De facto, este MUVE é muito para além de um jogo e as possibilidades que abre
na exploração educativa, formal ou informal, são várias. São diversos os educadores
que encontraram no Second Life um espaço conveniente para conduzir aulas formais
online, conferências, apresentações, ou encontros informais com os estudantes. Para
além disso, revelou-se também útil para os educadores enquanto um ambiente de
desenvolvimento de trabalhos em programação, na Interface de Programação de
Aplicativos, em Design, dentre outras actividades técnicas e criativas.
Uma característica única associada a todos os MUVE e, como tal, ao Second
Life, é a percepção de imersão num “mundo alternativo”. O SL permite aos seus
utilizadores interagir com um mundo simulado, como se estivessem lá, suspendendo a
sua atenção do verdadeiro mundo, transferindo-a para o mundo virtual.
Este sentido de imersão afecta o aluno e os utilizadores em geral, de forma
singular, permitindo-lhes o envolvimento com o conteúdo na primeira pessoa (Bricken,
1991).
Embora o ensino tradicional permita o envolvimento directo dos alunos em
algumas actividades, como actividades laboratoriais, jogos e visitas de estudo ou saídas
de campo, estas experiências são geralmente dispendiosas, impraticáveis, pouco
seguras, e limitadas a áreas restritas ou a um determinado grupo de alunos.
No Second Life o utilizador pode experimentar situações até então não
possíveis ou de difícil acesso. Por exemplo, em vez de estudar a célula vegetal através
de um livro de biologia, o aluno no Second Life pode entrar directamente dentro da
célula, examiná-la e até mesmo manipular os seus organelos.
Esta capacidade de possibilitar experiências educativas nos ambientes virtuais a
três dimensões, permite ao professor novas oportunidades de ensino/aprendizagem,
incluindo aquelas em que o estudante participa por si só, de forma autónoma.
Enquadramento Teórico
Embora se reconheça a responsabilidade individual na aprendizagem, o Second
Life, assim como outros ambientes virtuais enquadrados na mesma linha, através das
suas características interactivas, favorecem a socialização, a colaboração, o sentido de
presença e o desenvolvimento de comunidades e sentimentos de pertença, tal como é
mencionado no The Horizon Report 2007 (NMC e ELI, 2007, p. 6):
“Virtual worlds offer an opportunity for people to interact in a way that conveys a sense of presence lacking in other media. These spaces can be huge, in terms of the number of people that use them, and they are growing in popularity because they combine many of the elements that make Web 2.0 really exciting: social networking; the ability to share rich media seamlessly; the ability to connect with friends; a feeling of presence; and a connection to the community.”

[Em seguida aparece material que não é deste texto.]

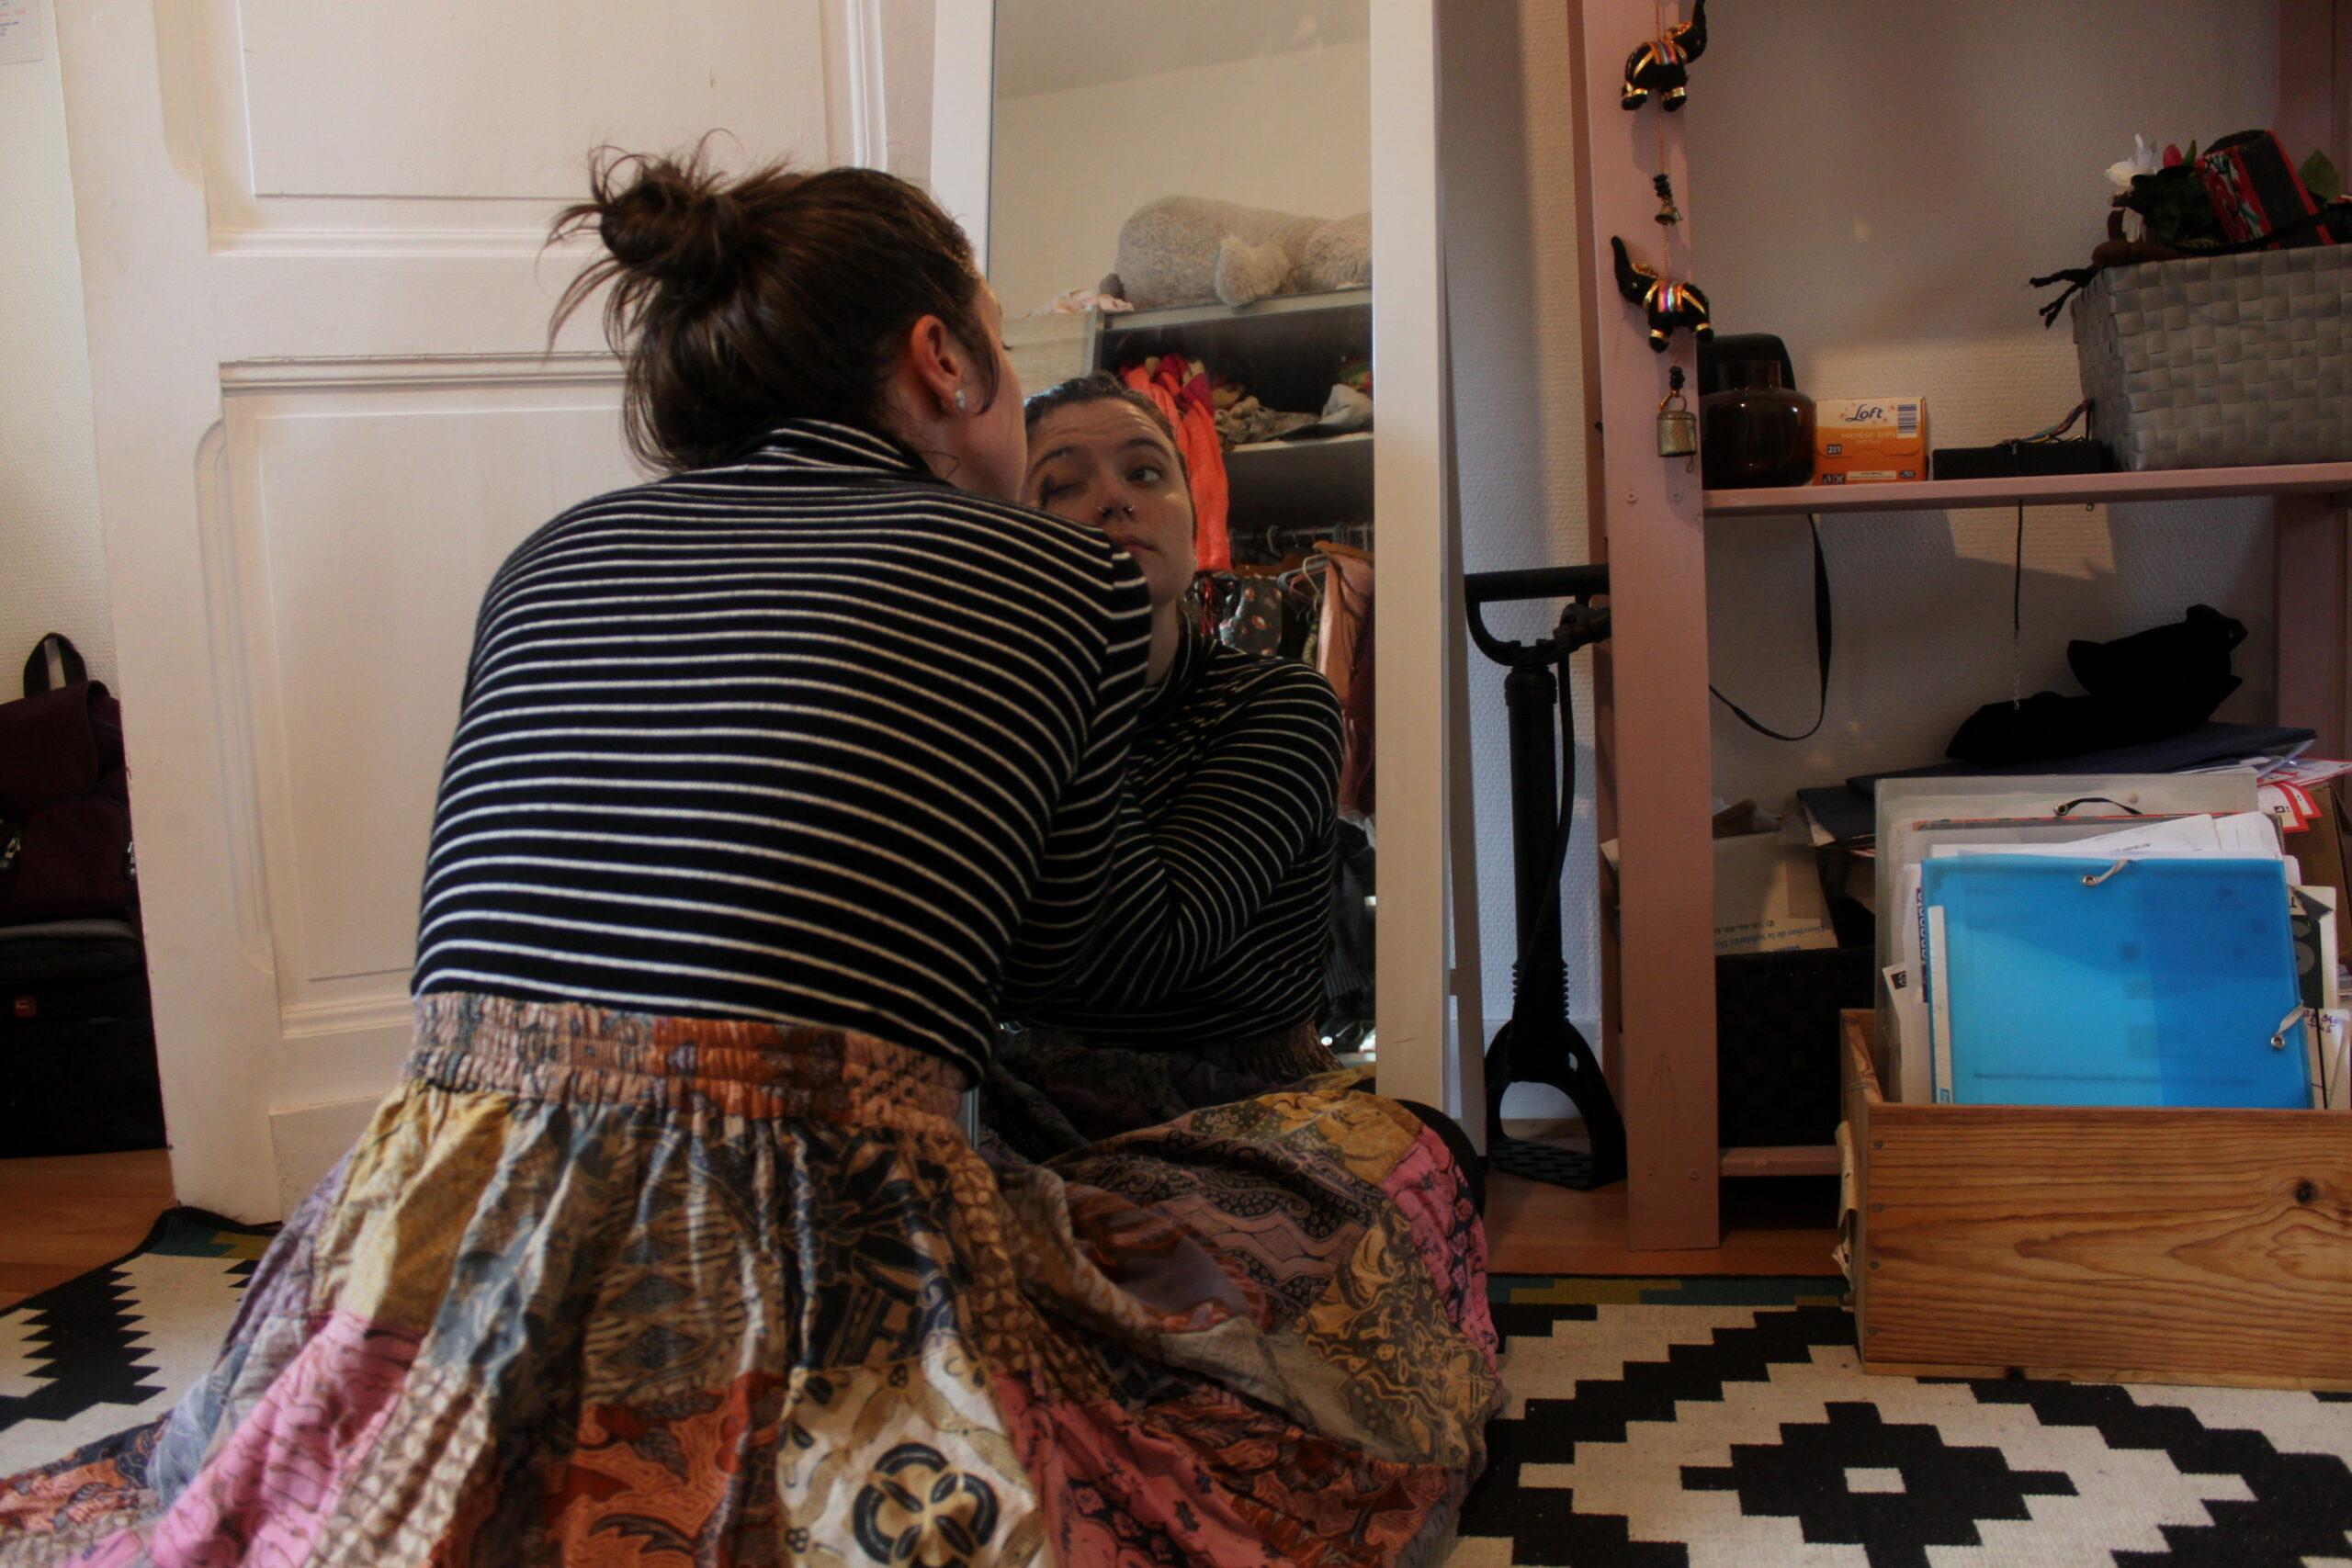 Nina est devant son miroir. Elle se maquille.

Como refere (Rogers, 2000), é através do desenvolvimento das actividades de
participação e exploração colaborativa de ambientes autênticos que os processos de
aprendizagem da vida real emergem, ambientes esses por vezes difíceis de atingir em
contexto de sala de aula, mas possíveis num MUVE como o Second Life.
Este é pois caracterizado pelo sentido de partilha entre grupos e comunidades,
pela interoperabilidade, pela possibilidade de se implementarem situações de ensino
inviáveis na vida real, e pelo espírito de colaboração subjacente (Bransford e Gawel,
2006). E são estas mesmas especificidades que nos atraem à exploração deste
ambiente virtual, no contexto educativo.